Across the Middle East this past week, Muslims marked the end of the fasting, holy month of Ramadan with Eid al-Fitr, a three-day holiday that is a centerpiece of the Muslim calendar.
Eid al-Fitr is a time for prayer, large gatherings with family and friends and visits to the graves of loved ones.
In Gaza, children posed in their finest new clothes in front of rubble still remaining from last summer's Israel-Hamas war. Syrian refugees in Jordan marked yet another Eid at the Zaatari refugee camp, the fourth since the war began in 2011.
Earlier in the week, Nobel Peace Prize laureate Malala Yousafzai visited Jordan's other camp for Syrian refugees, Azraq, a day after opening a school for girls in neighboring Lebanon on the occasion of her 18th birthday.
In Tehran, the main prayer service in the Iranian capital was interrupted by repeated chants of "Death to America" — despite this week's landmark nuclear deal with world powers that was welcomed by authorities in Tehran. Large crowds gathered in the streets to celebrate the deal.

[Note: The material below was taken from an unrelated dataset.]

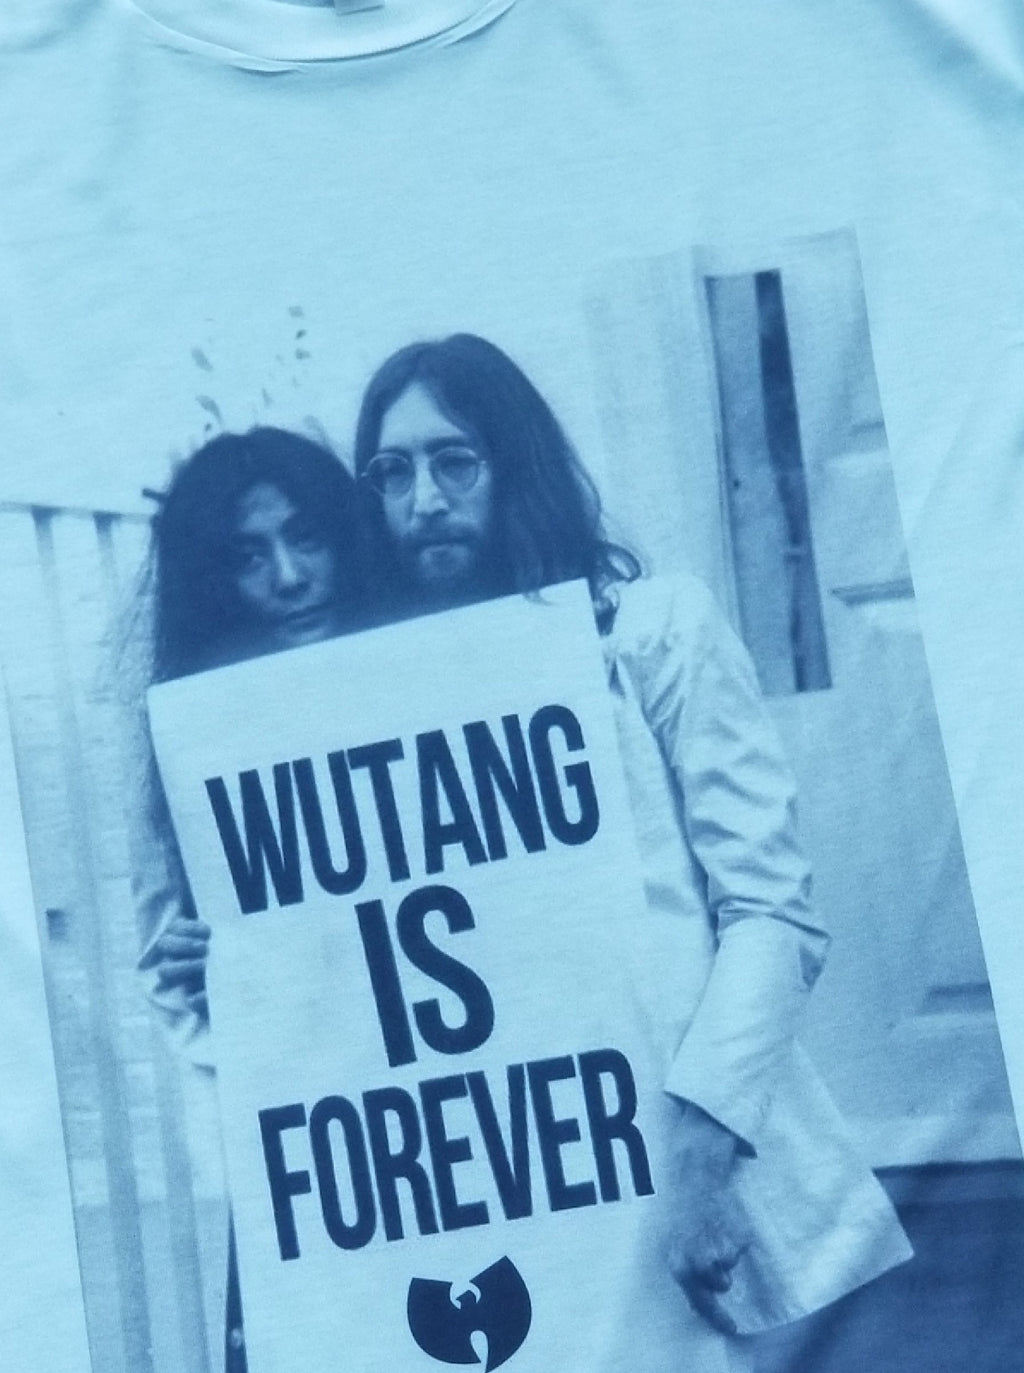 WUTANG IS FOREVER

In Iraq, security forces backed by Sunni and Shiite fighters pressed ahead in their bid to re-take areas held by the Islamic State group in Anbar province. Elsewhere, a suicide car bombing by the Islamic State group hit a busy market in Khan Beni Saad, about 20 miles (30 kilometers) northeast of Baghdad in Diyala province, killing over 100 people in what was one of the deadliest single attacks in the country in the past decade.